We’ve been distanced from the community and routines that made life feel familiar and certain, our place in the world more sure. As a society, we’ve felt isolated and disconnected from others due to the pandemic but also because of deep political divides and widely diverging narratives that make you wonder if you and your neighbor or coworker, friend or family member are living in the same reality.
It is a time of great grief and worry, a time of lamentation. It may feel like we are going through a time similar to what Jesus is describing in the Gospel of Luke today. “There will be signs in the sun, the moon, and the stars, and on the earth distress among nations confused by the roaring of the sea and the waves. People will faint from fear and foreboding of what is coming upon the world, for the powers of the heavens will be shaken.”
It is a vision of great suffering and pain, fear and despair. Not exactly the joyous holly jolly Christmas stuff we’re seeing and hearing everywhere, right? Why this text on the first Sunday of Advent, the season of anticipation for the arrival of baby Jesus, the season of anticipation and wonder?
But here’s the thing: Advent isn’t a season of pre-Christmas, simply an escalating leadup to the big day. Theologian Matthew Myer Boulton states in his commentary that “Advent is all about entering the shadows of despair, war, sorrow, and hate, and actively waiting for Jesus to come, lighting candles of hope, peace, joy, and love.” It’s a season where we acknowledge just how much we need a Messiah, “God with Us,” how all creation groans to be healed and reconciled with its creator.
But we just don’t remember the first Advent in this season or focus on the Kingdom come but we help each other live in this time of second Advent, as Bernard of Clairvaux calls it. This time where Jesus doesn’t show up in a manger or in all His Glory but instead, Boulton tells us: “He’s there in the knock at the door, the still small voice, the lonely prisoner, the hungry mother, the weary refugee, the migrant worker, the asylum seeker. In other words, Jesus is coming again and again, like a thousand spring buds on a fig tree long thought dead.”
Boulton goes on to say, “So be alert — lamps lit and dressed for action. Hope is a verb!” Hope is a verb, not just a feeling. Hope is trusting in God and acting out of that trust.
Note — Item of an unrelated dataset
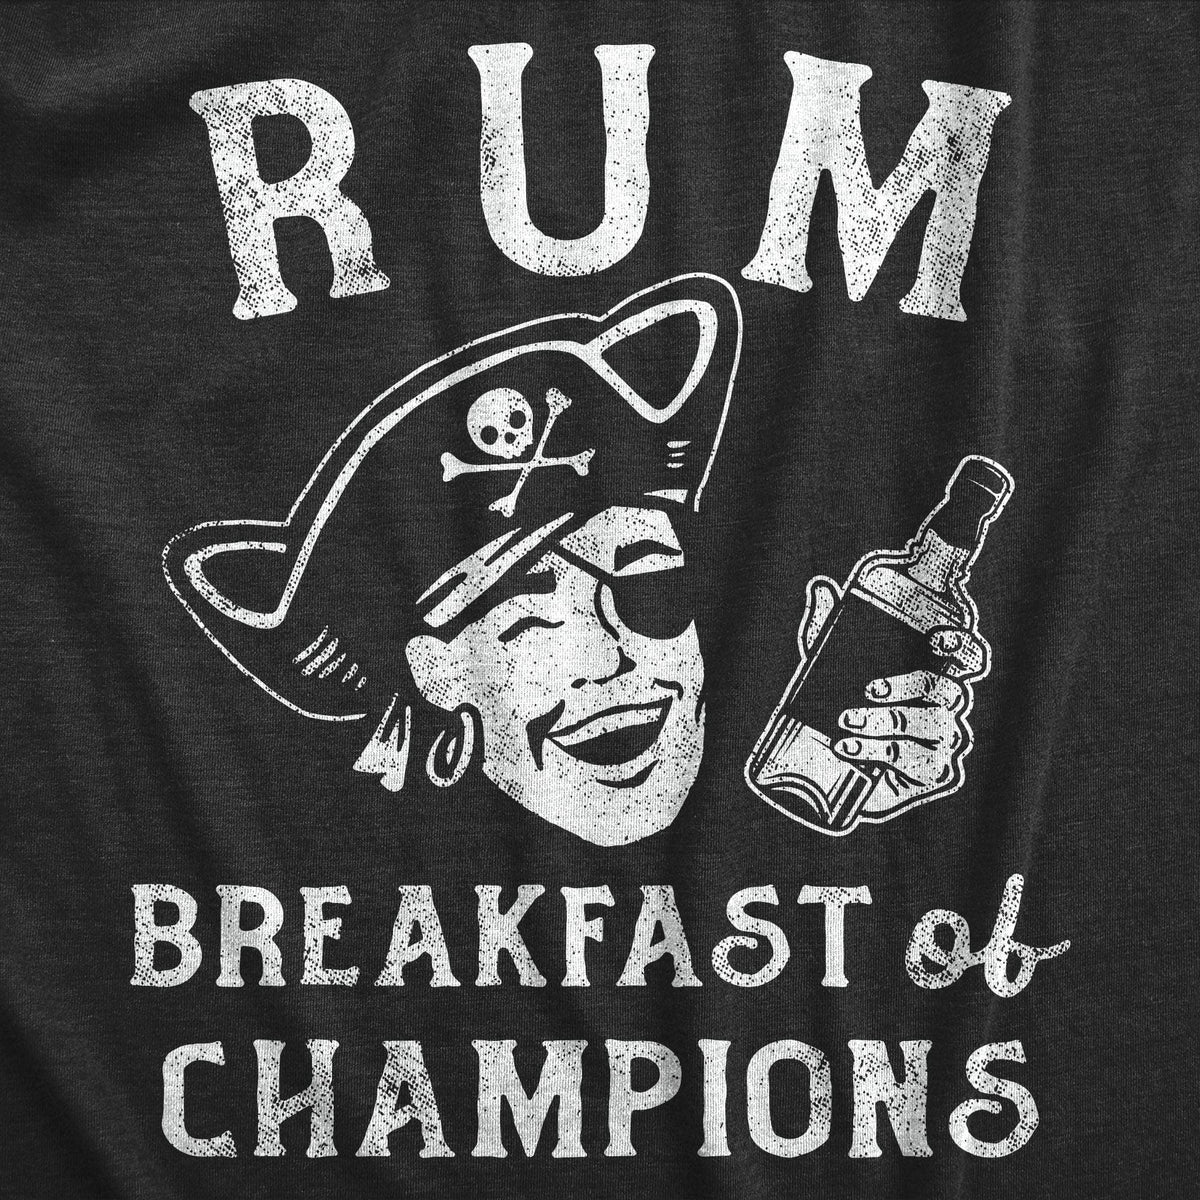 Rum Breakfast Of Champions Men&#39;s Tshirt  -  Crazy Dog T-Shirts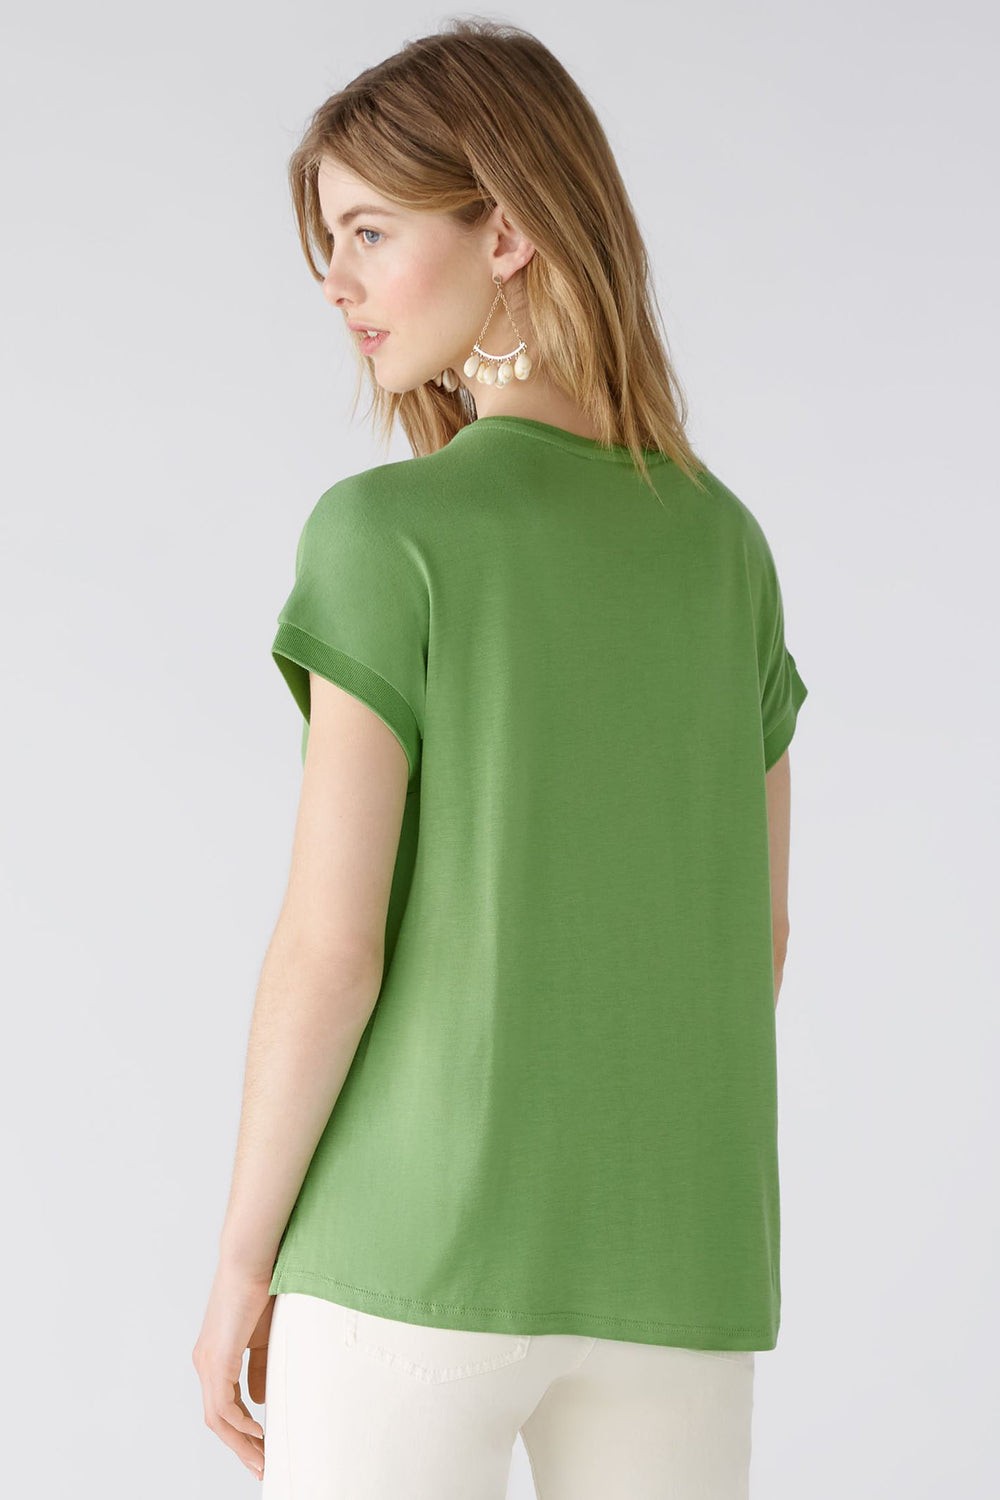 Oui 88335 Green Ayano Wide Neck Cap Sleeve Top - Olivia Grace Fashion

And in these tough times especially, hope is awful hard to sustain on our own, hope requires a community where we can travel together. For we are here to walk the way together, to see Jesus in each other and to act, bringing that Kingdom of God that is our real home a little bit closer.
In the movie, “Planes, Trains and Automobiles,” we see Neal act in such a way when he realizes that Del doesn’t have a family or a home at the end of the journey, when he’s so close to his house he can taste the turkey. Instead, he turns around and travels back to the train station and invites Del to his home to share Thanksgiving with his family. Del is nervous as he is walking up to the door, afraid of intruding and not belonging. But Neal insists and he brings him into the house, introducing him to the family as his friend as he is warmly welcomed home.
Neal’s journey with Del has changed him and opened him up to share his home and to share his table with this stranger so unlike himself. May our Advent journey together this season and our life together as a church equip to act similarly towards others, with hope and in the spirit of joy, peace and love. May we trust and find comfort that God is with us on this journey and in this difficult season. May we gather in hope, knowing that pain and suffering and fear are not the end of the story. Though the way is rough, God is close and our home in God is real. Thanks be to God. Amen.